Gusdorf, De l’histoire des sciences à l’histoire de la pensée p. 287-288 :
"La pensée se convertit en 'philosophie expérimentale', la physique se constitue sur la base de l'observation rigoureuse et du raisonnement mathématique. Le primat de la science exacte se fait sentir jusque dans la perspective esthétique, et la religion doit elle même se laisser reporter à l'intérieur du territoire de la simple raison.

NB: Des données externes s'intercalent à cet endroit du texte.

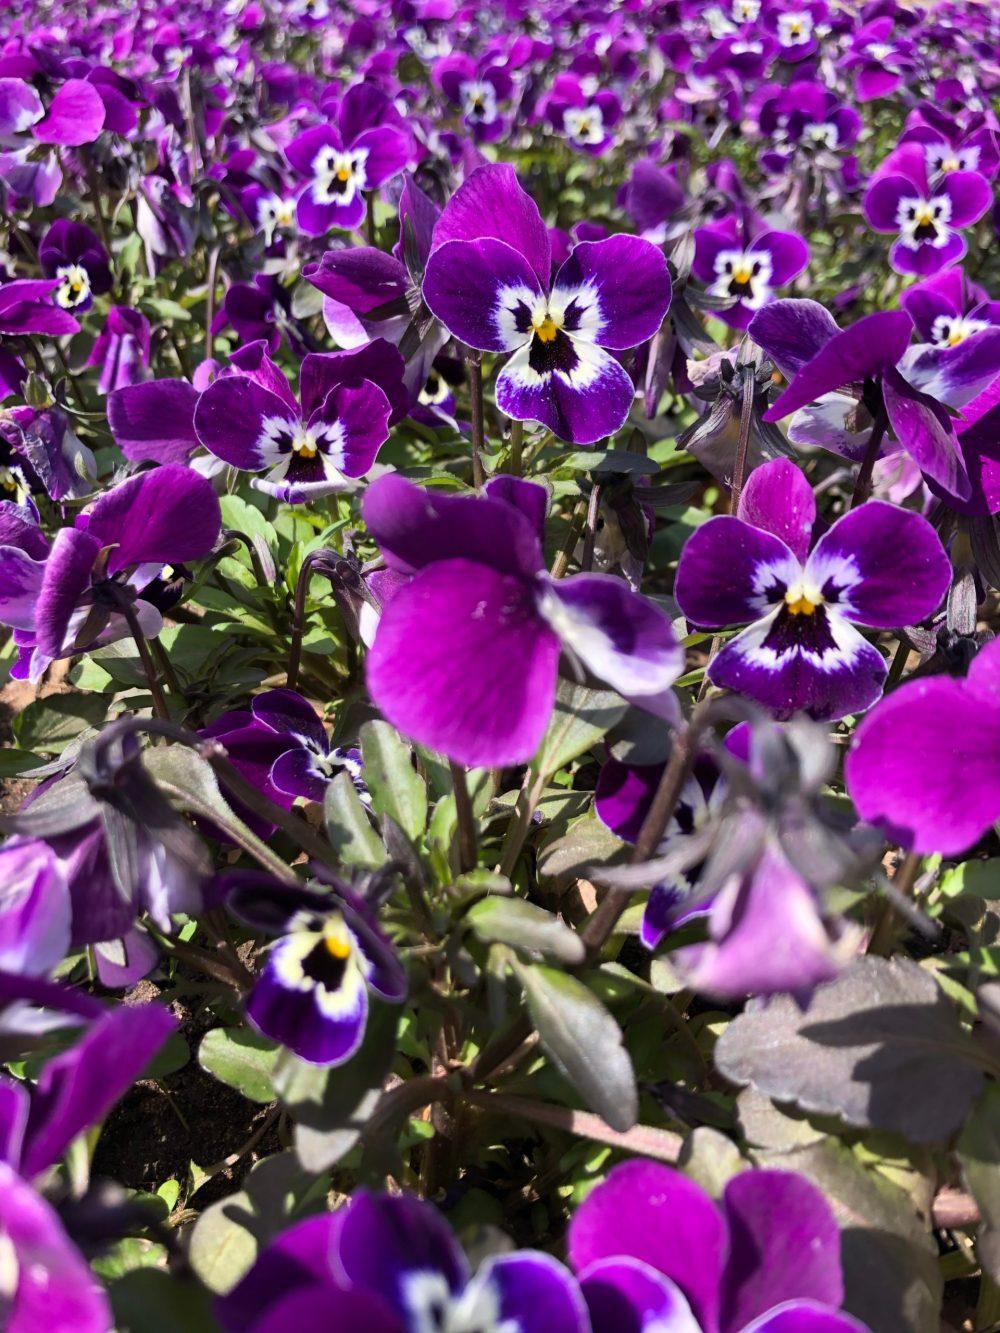 Hunderte lilafarbene Stiefmütterchen im Blumengarten in Bexbach im Frühling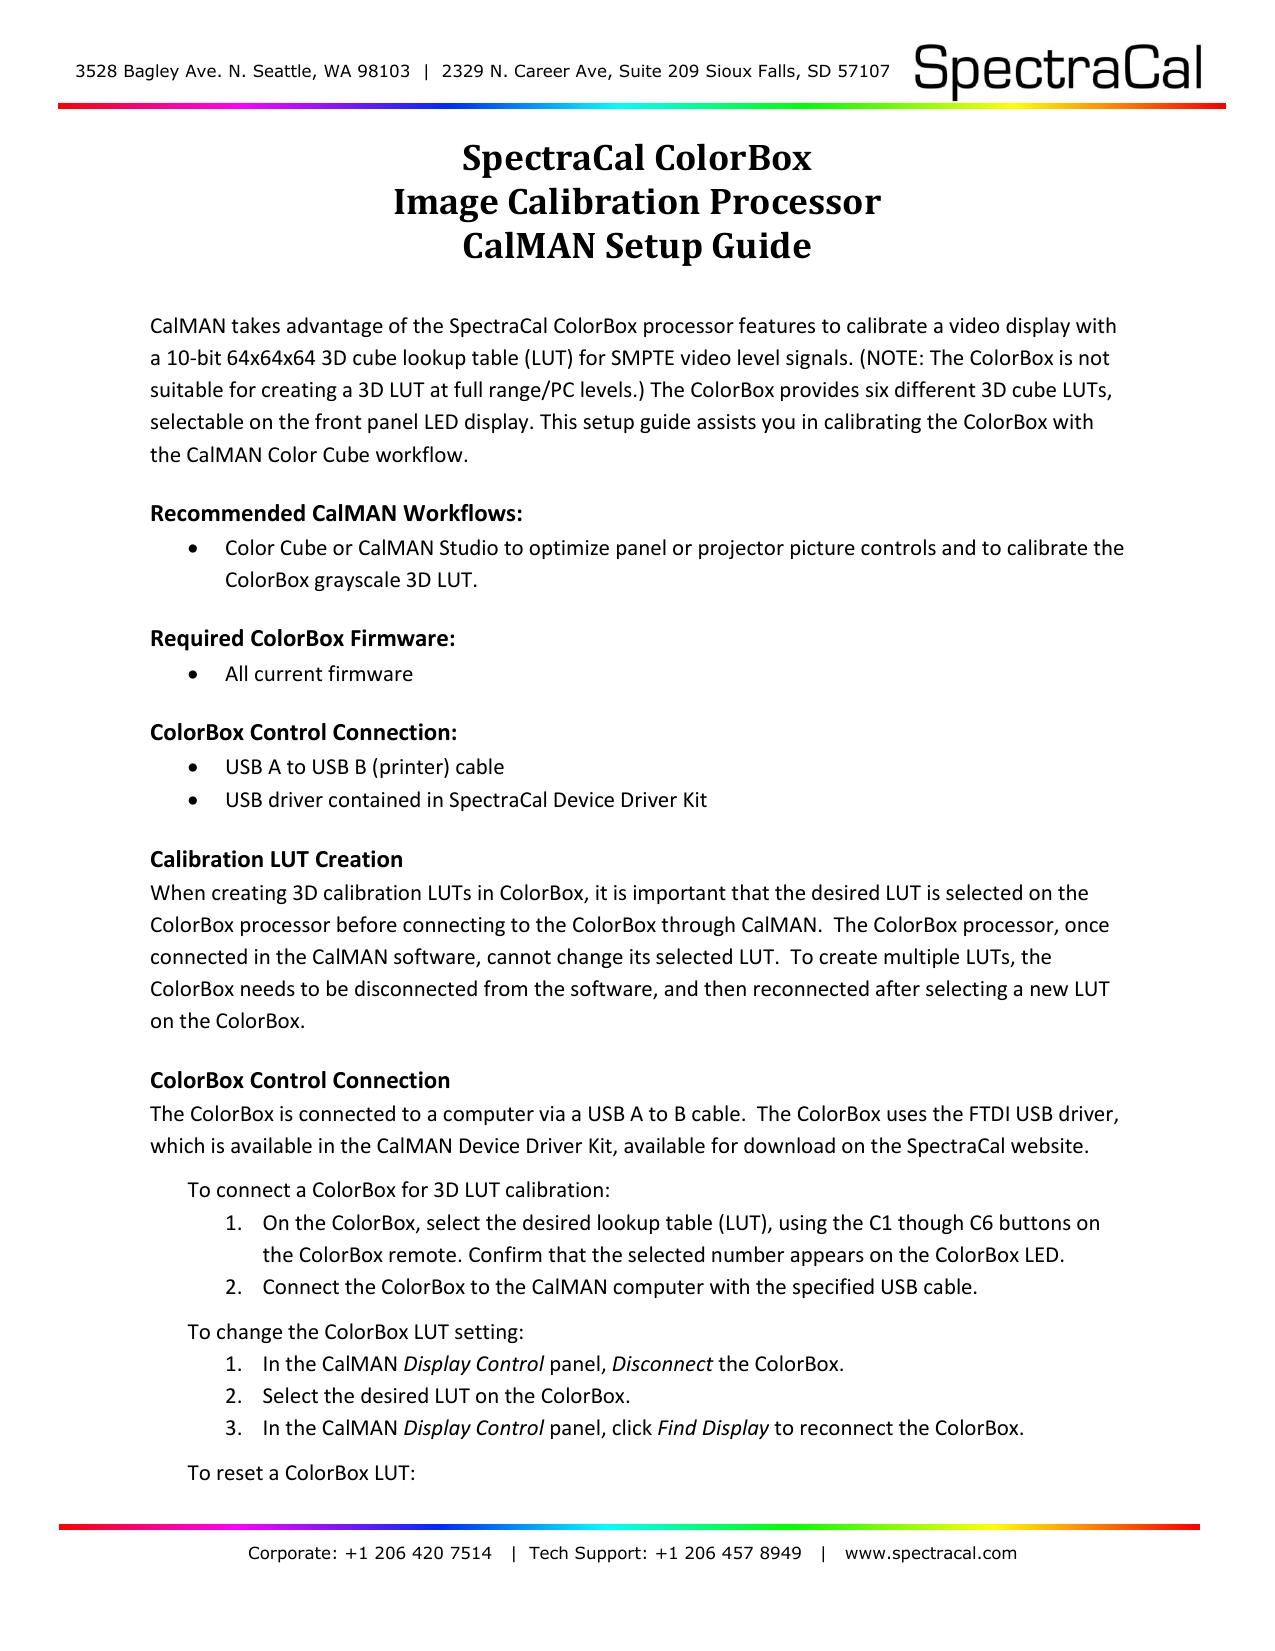 SpectraCal ColorBox Image Calibration Processor CalMAN Setup

Le régime d'intelligibilité qui s'annonce avec l'âge classique, au XVIIe siècle, sera le cadre le plus général de la culture moderne ; les péripéties pourront parfois corriger l'allure, introduire de nouvelles valeurs, mais sans parvenir à modifier vraiment le cadre général de la civilisation mécanicienne. Le fait essentiel sera sans doute l'importance croissante de l'élément technique. La technique intervient comme une activité où la science devient opérative par personne interposée. Mais par une sorte de captation d'influence, l'application devient plus importante que les principes ; elle finit par constituer une fin en soi. On peut assister ainsi, à partir du XVIIIe siècle, à la progressive mise en honneur du rapport au monde technique ; la raison, la science, la philosophie lui sont inféodées.
L'attitude opérative a permis la colonisation de la planète par une conquête méthodique. Au cours des siècles, le nouveau milieu suscité par la technique s'est peu à peu substitué au milieu naturel, dans le développement de la civilisation technicienne qui triomphe aujourd'hui."